» What you are asked to do
Exact copies of all the lines below are needed, without the pictures.

» Data shown
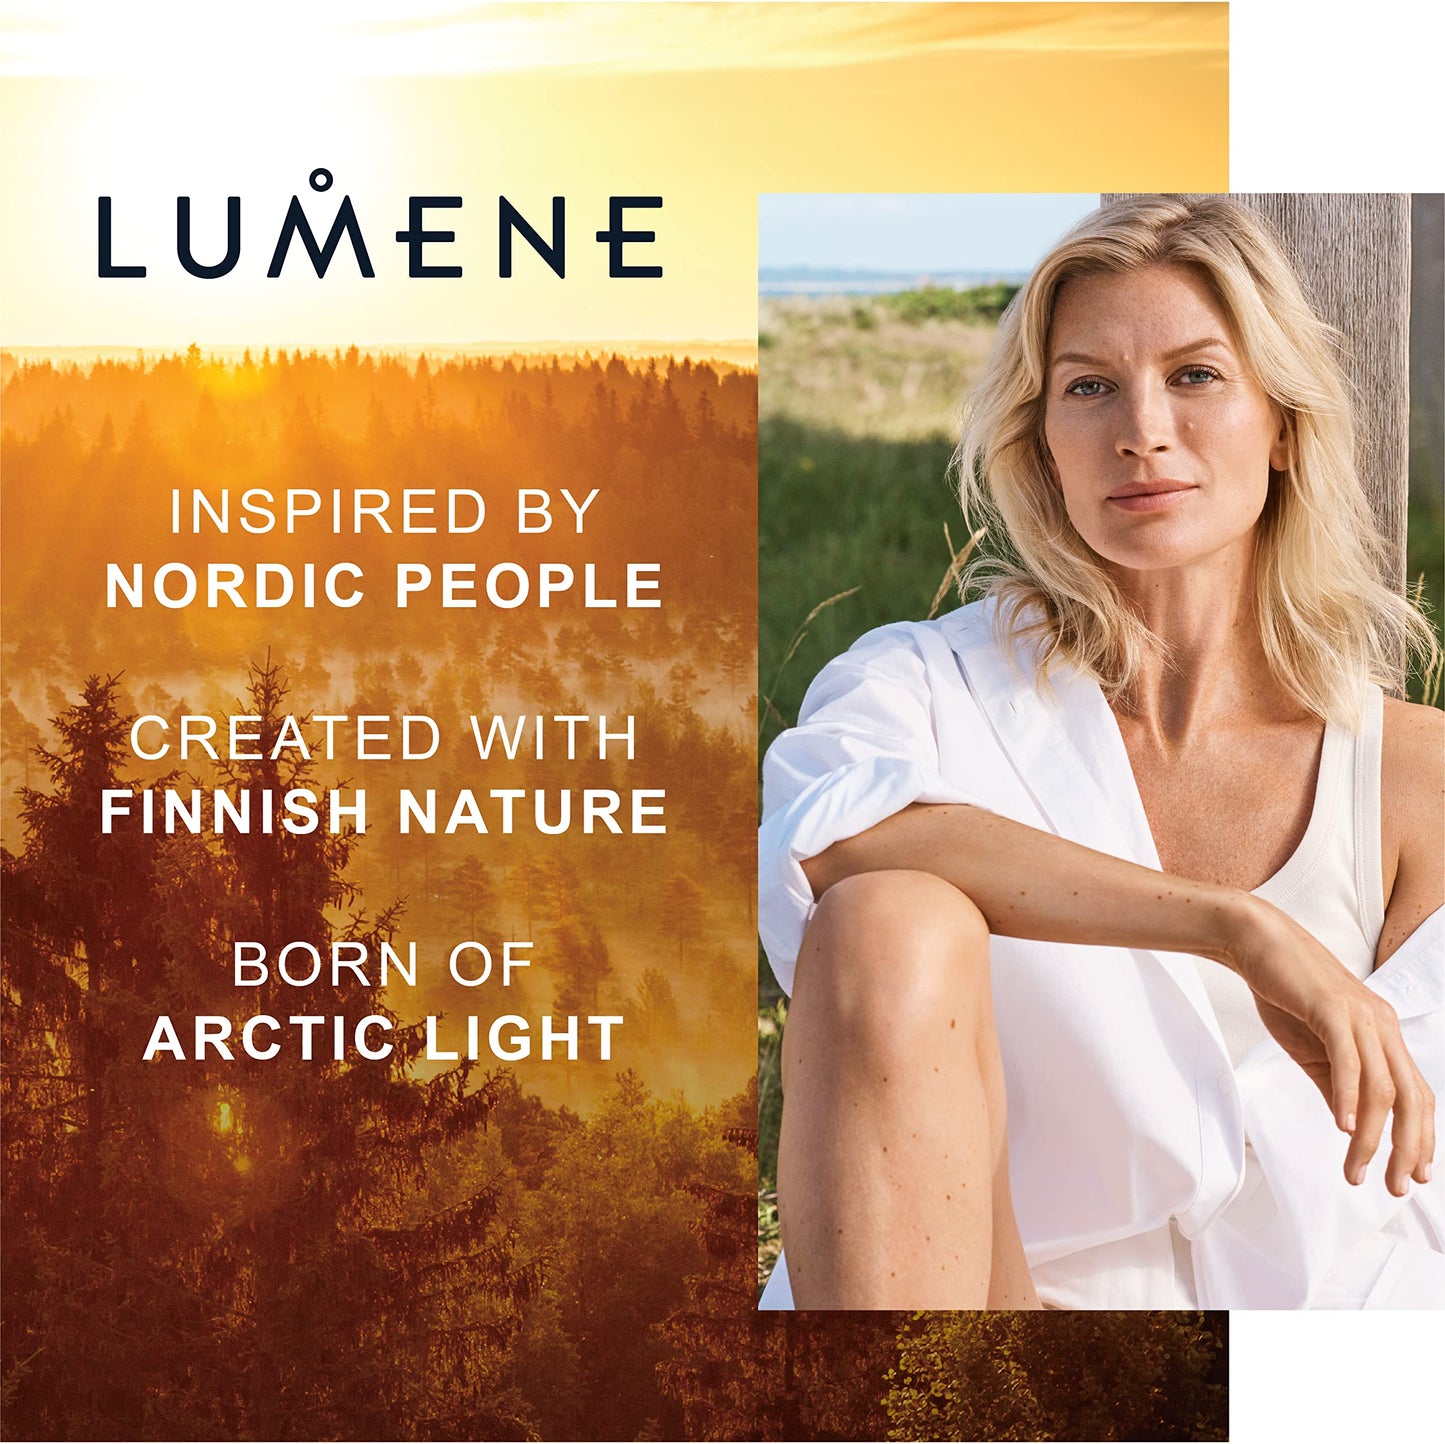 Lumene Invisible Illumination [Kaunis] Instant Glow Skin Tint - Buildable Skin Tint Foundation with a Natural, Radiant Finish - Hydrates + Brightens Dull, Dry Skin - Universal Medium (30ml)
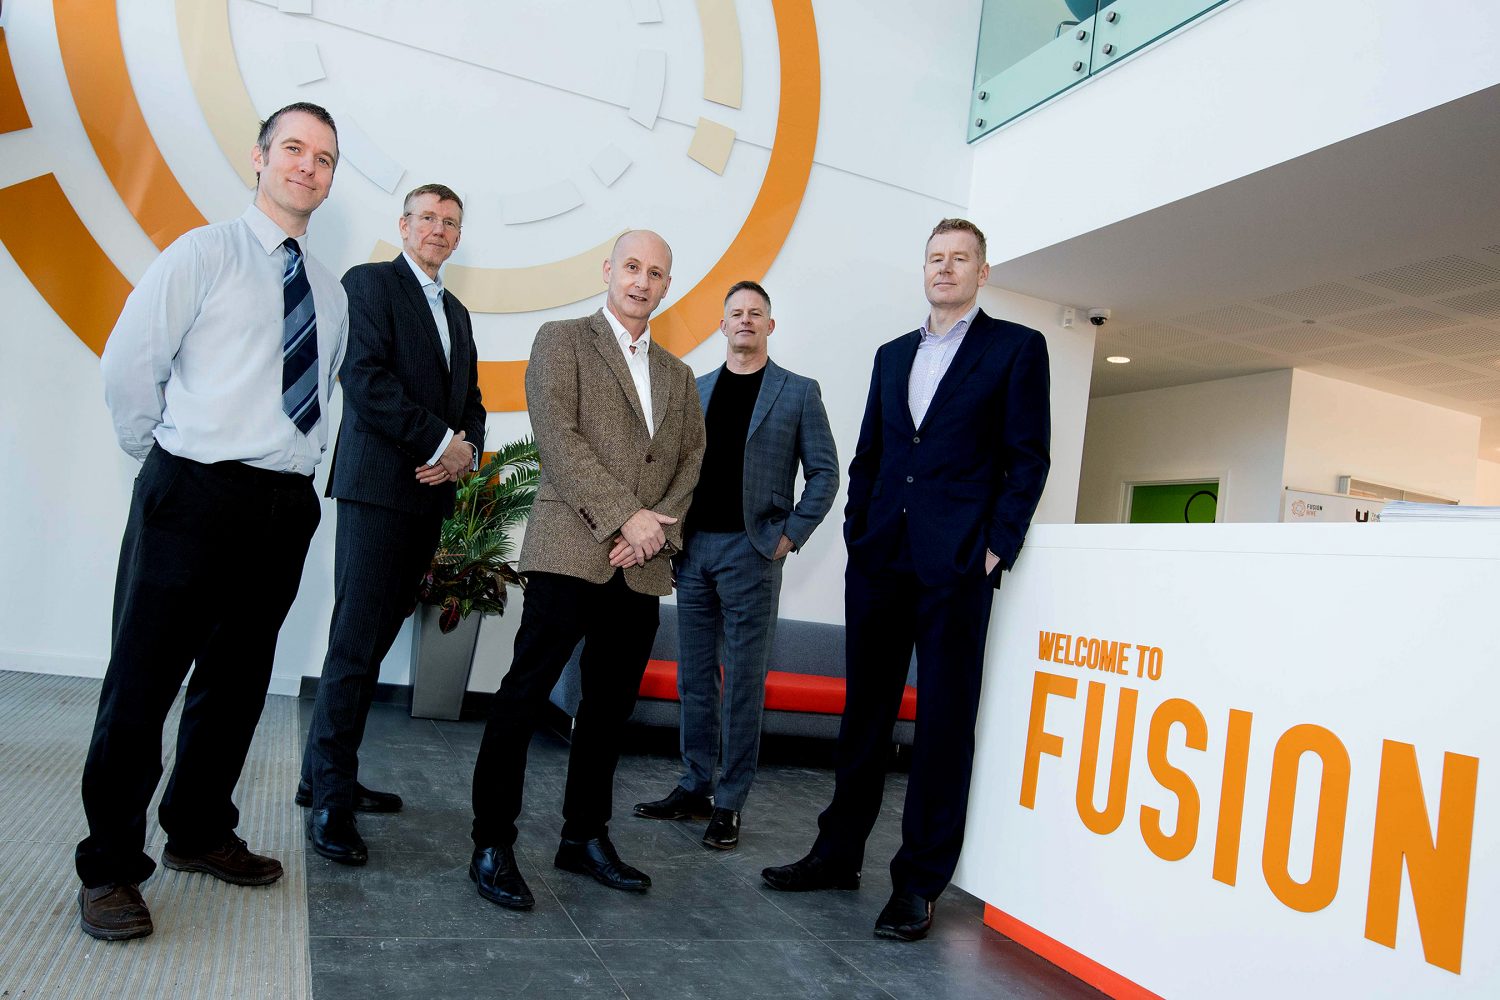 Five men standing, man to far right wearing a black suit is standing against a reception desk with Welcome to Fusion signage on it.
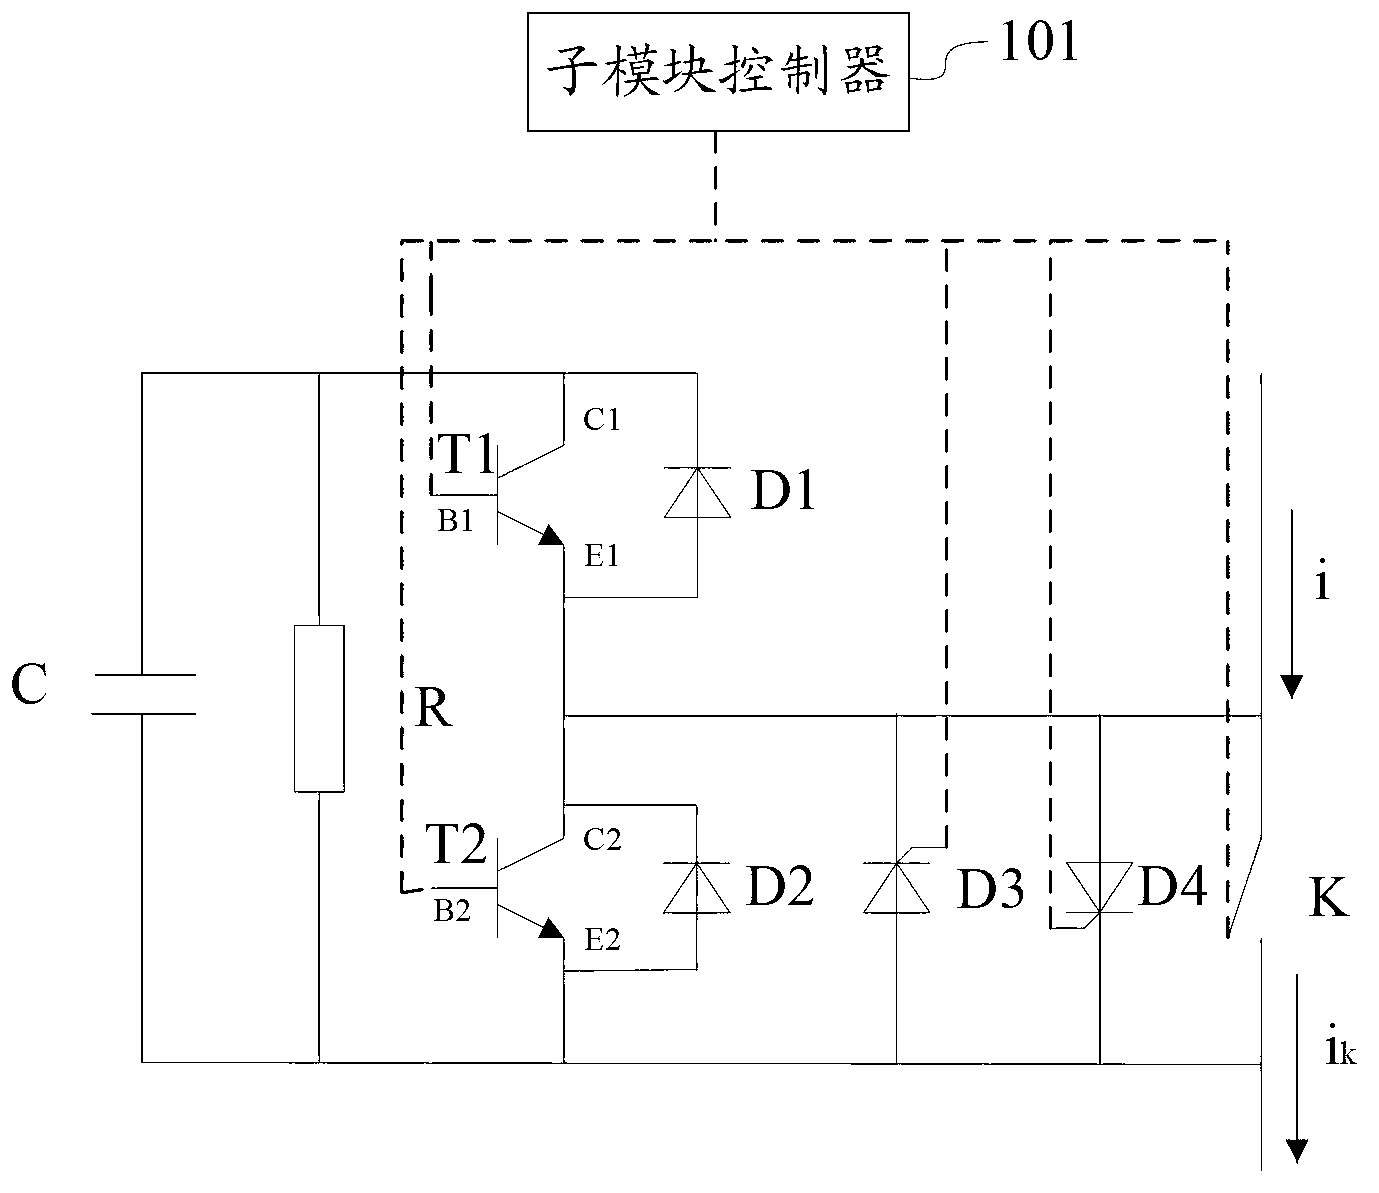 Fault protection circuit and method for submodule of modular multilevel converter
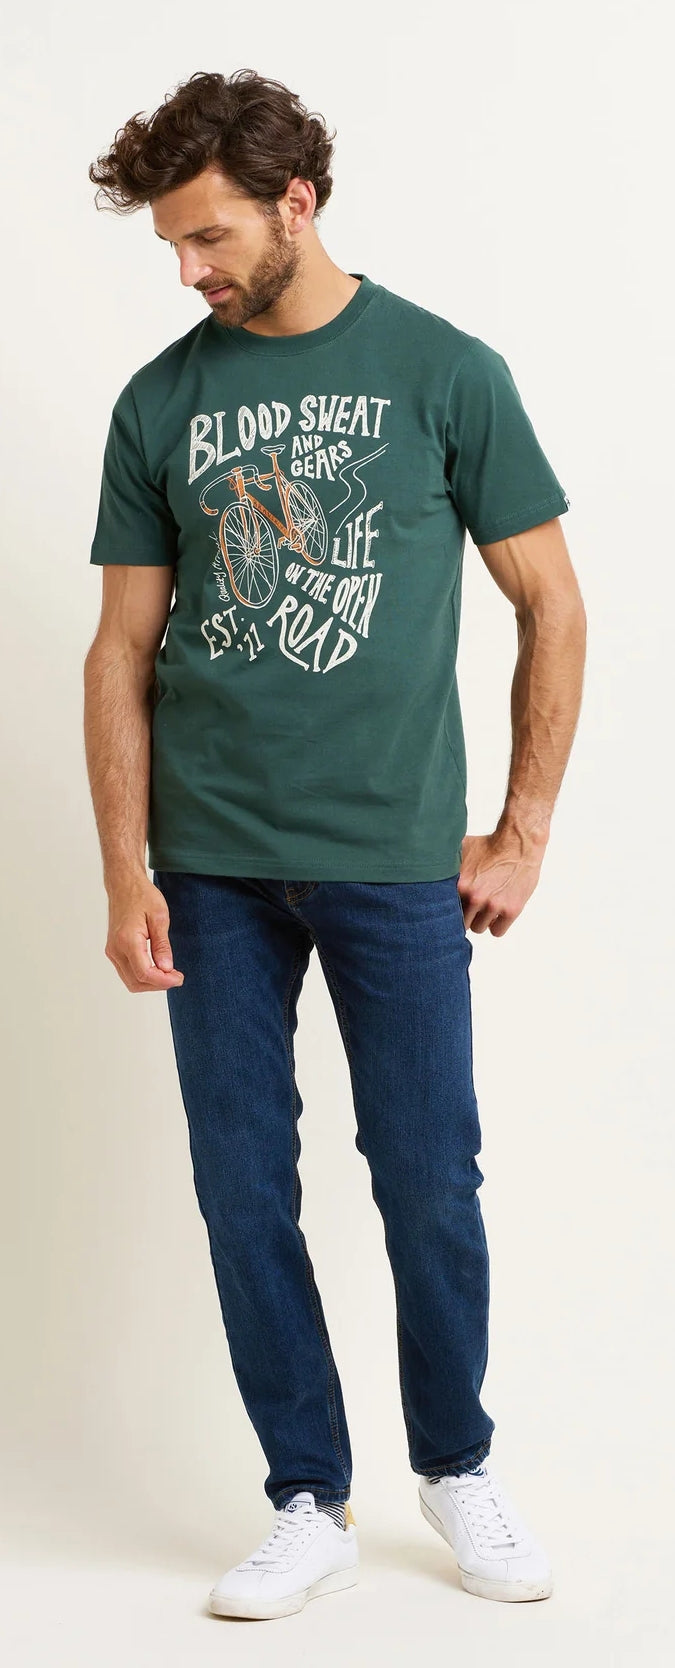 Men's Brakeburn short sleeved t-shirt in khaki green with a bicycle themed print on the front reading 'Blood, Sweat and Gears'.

» Problem solution
 Lumene Invisible Illumination [Kaunis] Instant Glow Skin Tint - Buildable Skin Tint Foundation with a Natural, Radiant Finish - Hydrates + Brightens Dull, Dry Skin - Universal Medium (30ml)
 Five men standing, man to far right wearing a black suit is standing against a reception desk with Welcome to Fusion signage on it.
 Fault protection circuit and method for submodule of modular multilevel converter
 Men's Brakeburn short sleeved t-shirt in khaki green with a bicycle themed print on the front reading 'Blood, Sweat and Gears'.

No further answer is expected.